LR1 and MR tankers, which previously lost market share to LR2s, are expected to reclaim some of their market. Among them, MR tankers might increase their share on the Middle East to Europe route, particularly for cargoes discharging at Mediterranean ports. However, Gibson warns that this increase could be offset by a corresponding decline in MR volumes on the US Gulf to Europe route.
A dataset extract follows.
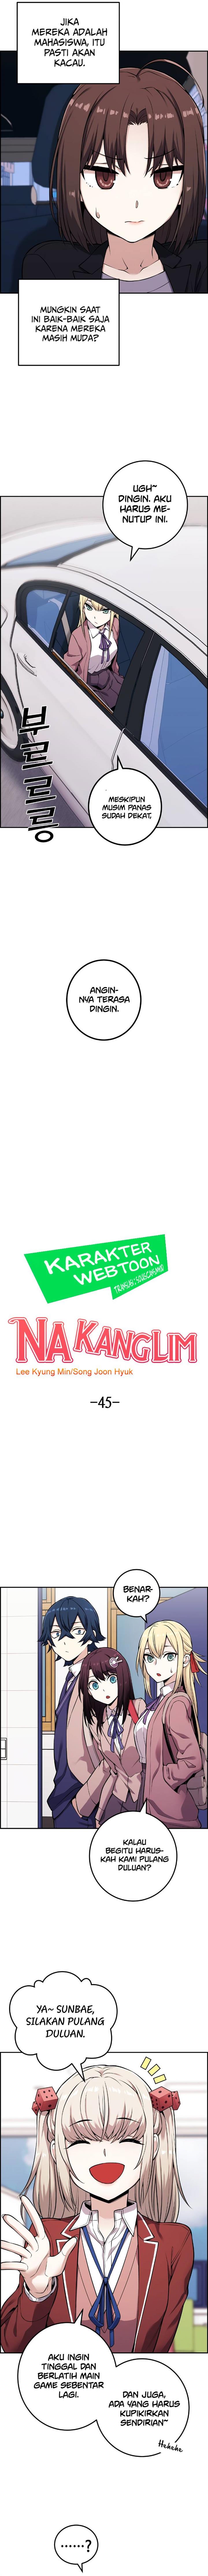 Webtoon Character Na Kang Lim Chapter 45
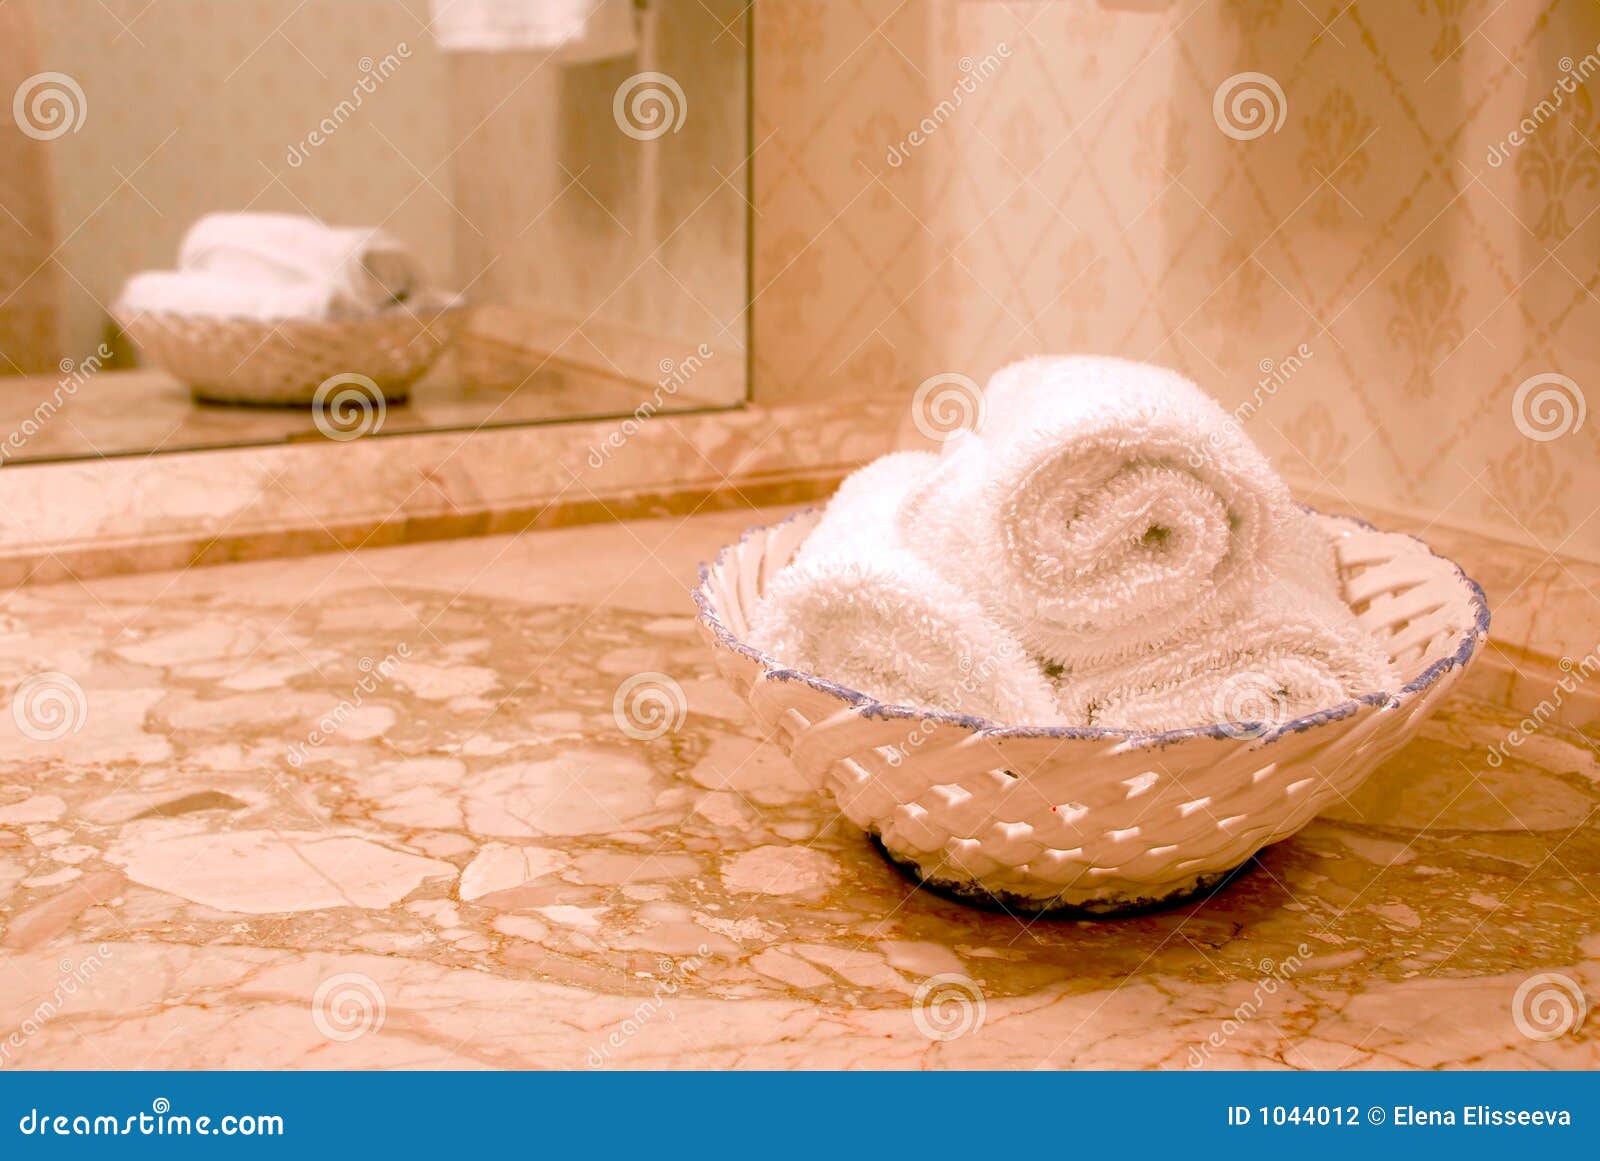 Ванна полотенце картина. Полотенце роскошь. Ванна фон полотенца. Полотенца на столе в ванной. Ванна раковина полотенце.

Meanwhile, in the crude oil shipping sector, the impact is much smaller, as the proportion of global crude exports affected by the Red Sea situation is inherently limited. Since 2025, crude oil shipments via the Suez Canal have also shown an accelerating growth trend, providing demand support for Suezmax tankers. If Red Sea crude trade normalizes, VLCC volumes heading to Europe might decrease, with more crude oil being transported by Suezmax tankers via the Suez Canal. This change could lead to reduced demand for US Gulf crude, putting pressure on Aframax tankers, while freeing up more crude resources for VLCCs to undertake long-haul transportation to East Asia. A significant rebound in crude shipments from the Black /Mediterranean to Asia would also benefit Suezmax tankers.

Overall, the impact of a Red Sea ceasefire on the dirty tanker market is expected to be relatively limited. Suezmax tankers might have some upside potential, but the main downside risk for Aframax tankers is increased competition from LR2 tankers.

Gibson concluded: “The current situation in Gaza remains unstable, and the subsequent actions the Houthis might take are unpredictable. In any case, normalizing trade patterns will take time. Perhaps only with a more solid, long-term peace agreement can Red Sea transit fully return to normal.”